Después de que Jorge hubiera hecho el alarde de hacerme una confidencia: lo que haría al rellenar su frasco, no dudé que se marcharía al llenar el frasco.  Así que a partir de entonces intentaba averiguar era cómo de lleno estaba el frasco, y cuanto tardaría en encontrarme el banco vacío una noche. Los encuentros de por la noche se habían convertido en algo tan importante o más que mi trabajo en la notaría.

— Buenas noches, Laura.
— Hola Jorge, ¿como le va?

Banco, cigarrillo, cajetilla.

— Adiós, Laura.

— Buenas noches, Laura.
— Hola Jorge, ¿como le va?

Banco, cigarrillo, cajetilla.

— Adiós, Laura.

Una noche especialmente oscura, Jorge no bajó. Me parecía que bajo la luz de aquella farola yo estaba sola. Me pregunté si siempre lo había estado. Supe que no iba ver más a Jorge.

Mi vida cambió por completo. Por las noches tenía la opción de bajar o no hasta aquel banco, también se me ocurrió que podía fumar, o no hacerlo e incluso pensé que podía ir a la notaría por las mañanas o no.

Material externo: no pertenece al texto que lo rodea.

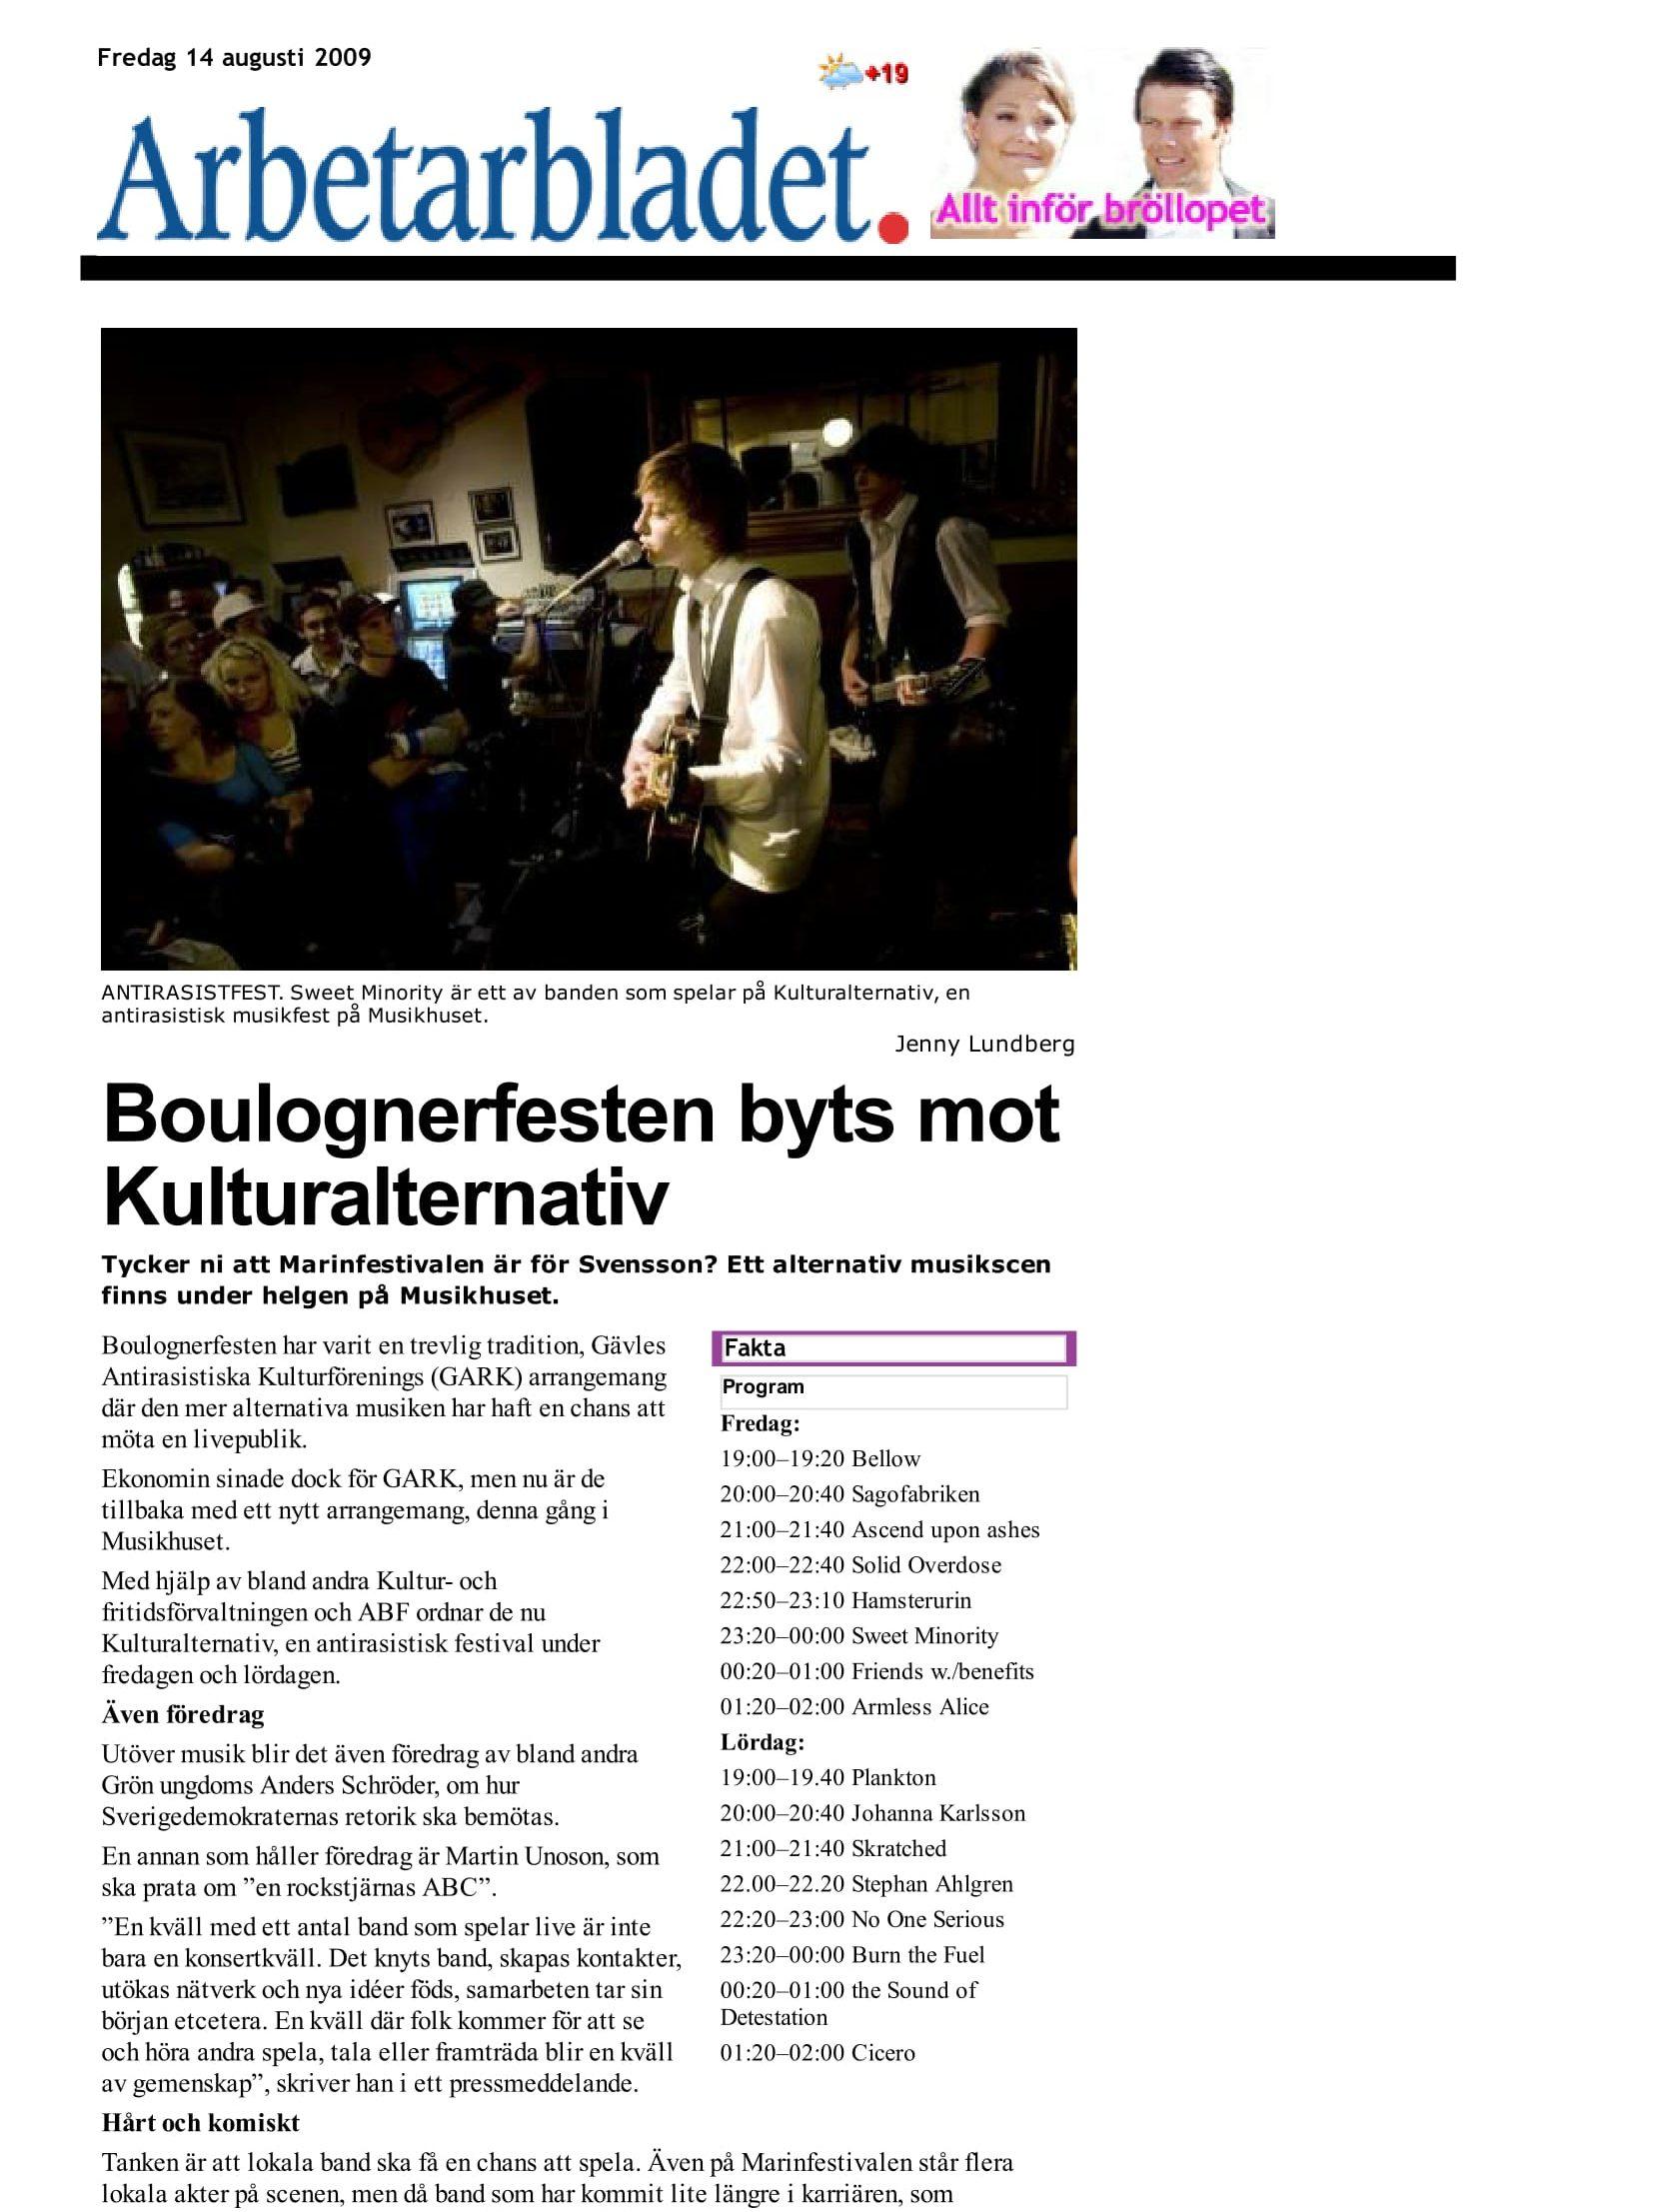 boulognerfesten-byts-mot-kulturalternativ-noje-www-arbetarbladet-1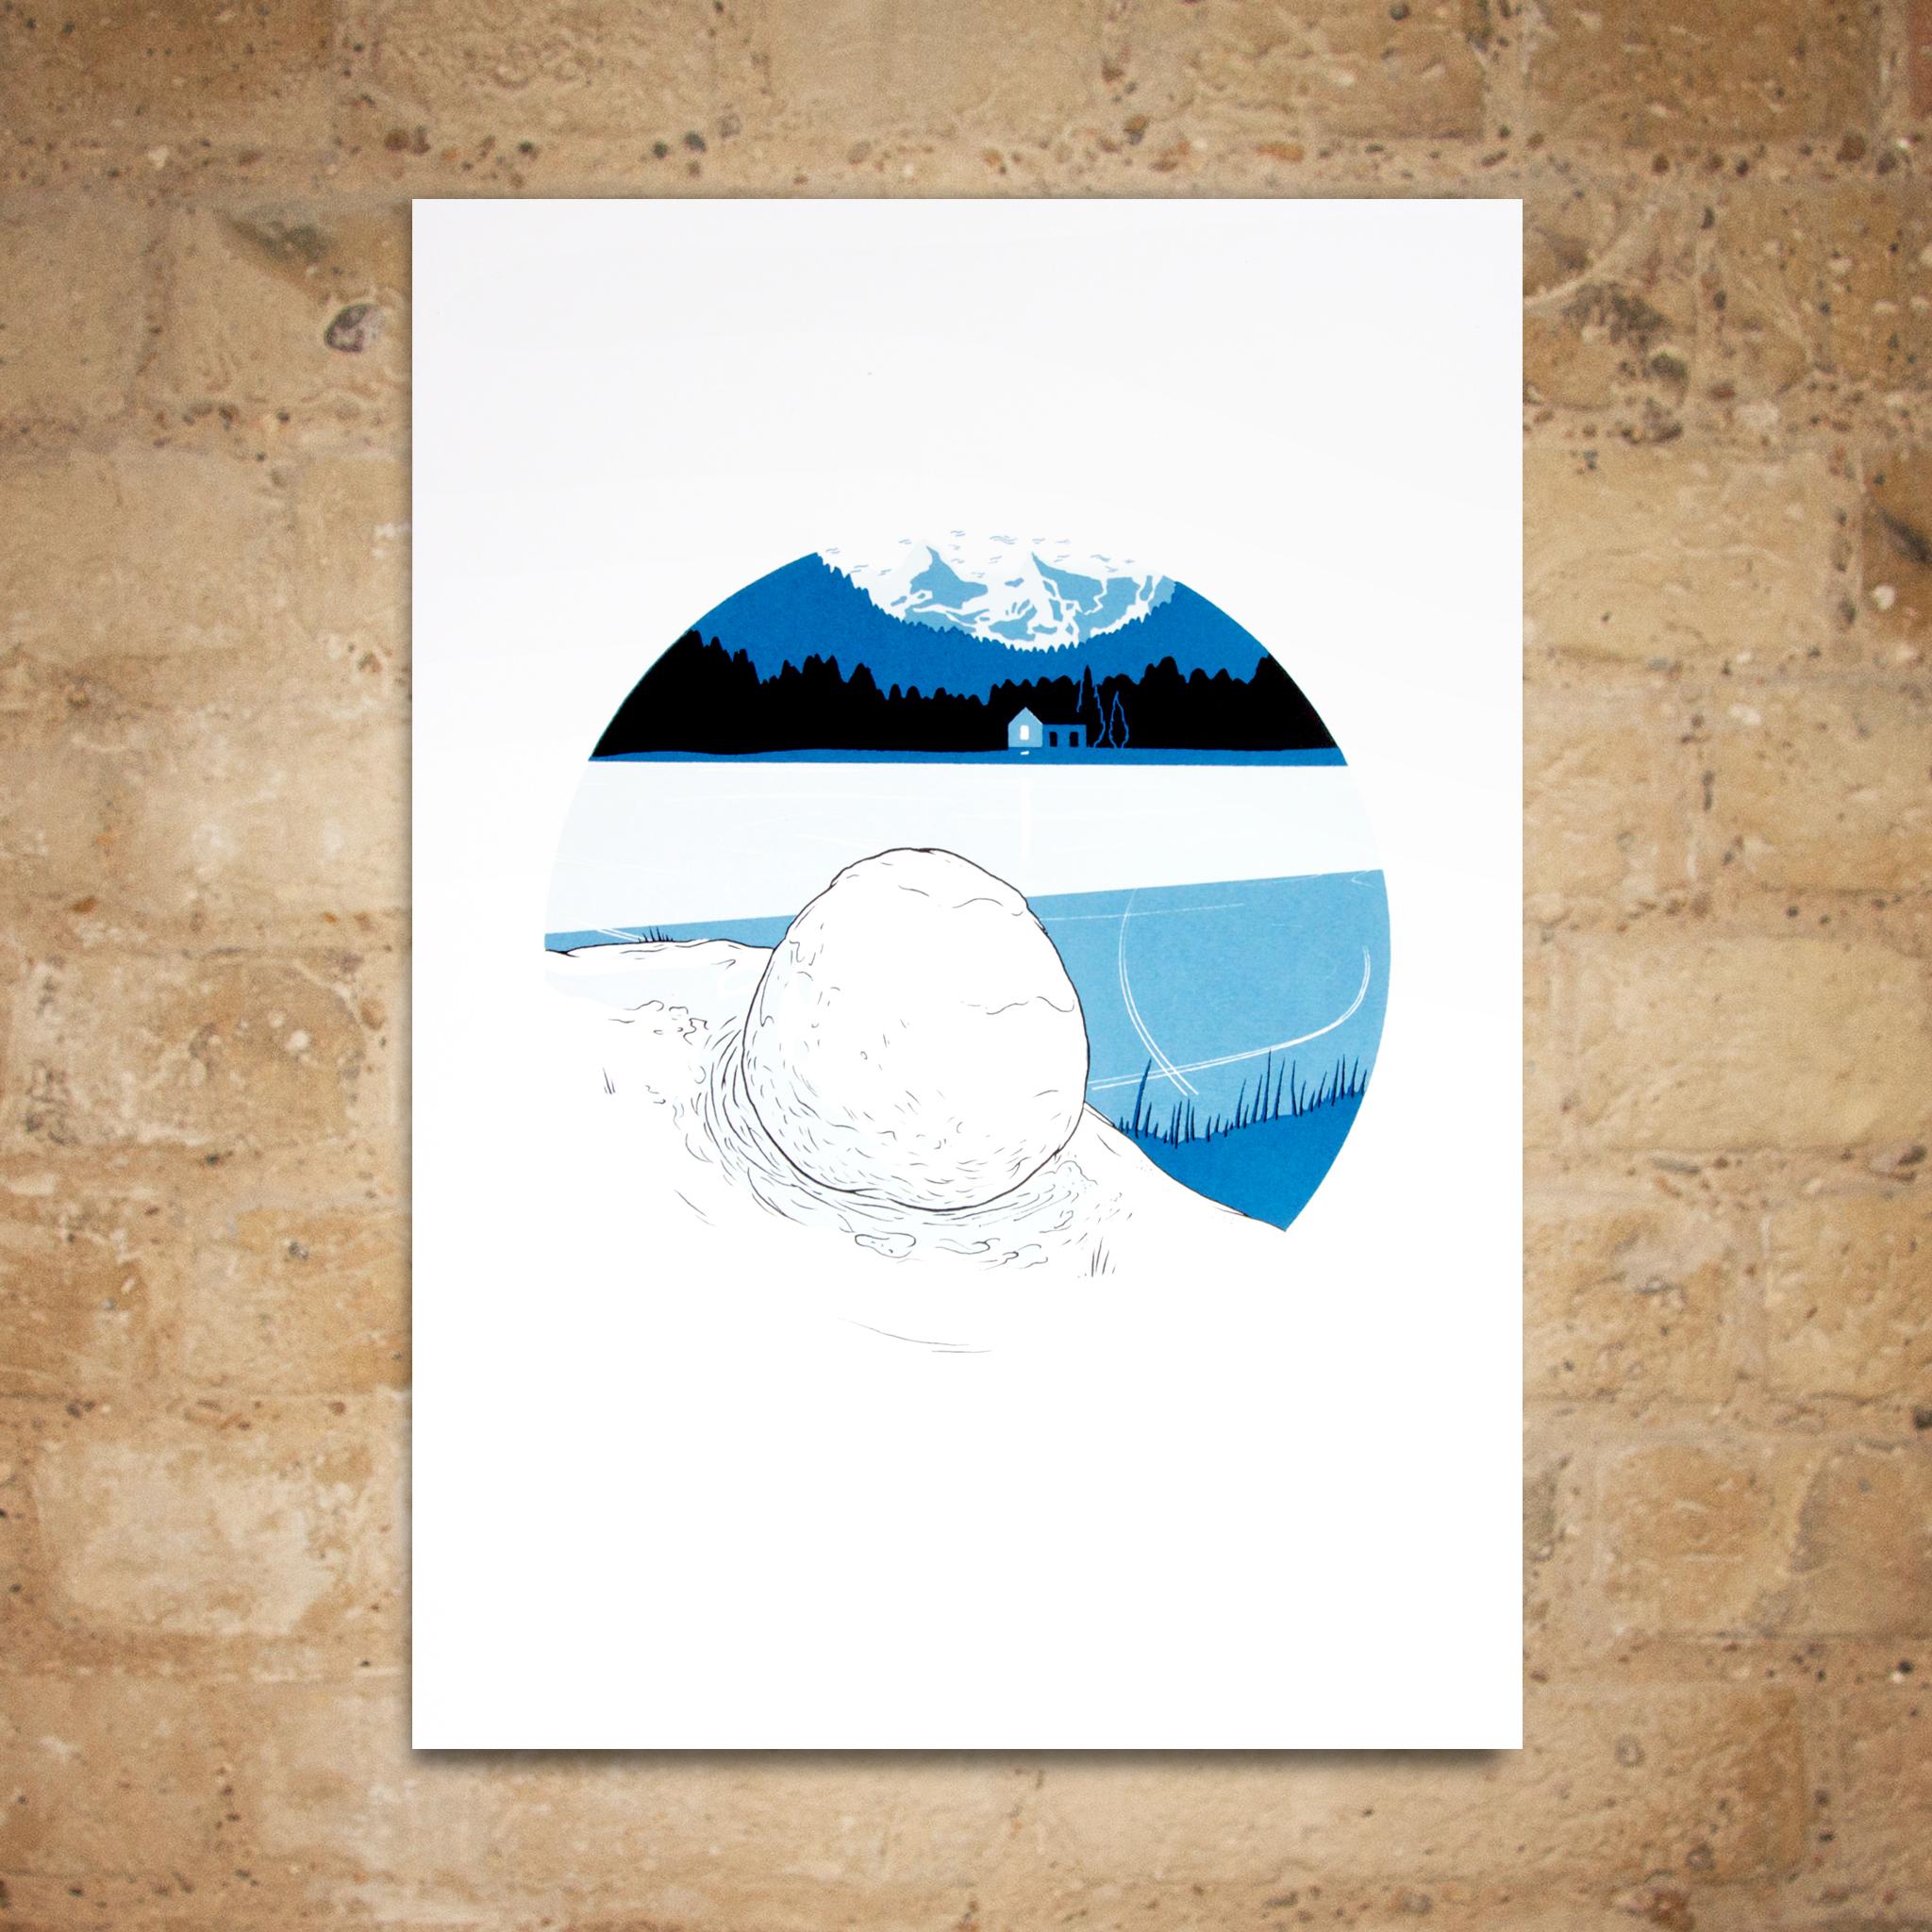 Snowball Print by Robert Fresson

Empecé a fumar, aunque apestaba. Todos los días al subir del banco, metía la cajetilla que había doblado todo lo que podía y la metía en un recipiente de cristal. Cuando estuviera lleno, me despediría de la notaría, y buscaría otro lugar en donde vivir.

Una noche se sentó conmigo en el banco otra mujer. Bajaba todas las noches. Recuerdo vagamente sus preguntas y recuerdo, no sé porqué, que le expliqué la existencia la de mi frasco de cristal. Me acuerdo que su pregunta me pareció impertinente.

   ¿Y qué hará cuando el frasco esté lleno?

Un día el frasco se llenó, metí todas mis cosas en la maleta, asombrándome con lo pequeña que era la cantidad que había necesitado a lo largo de mi vida. Pagué el apartamento, pedí el finiquito en la notaría. 


Me marché sin saber todavía a donde iría ni que haría con mi vida.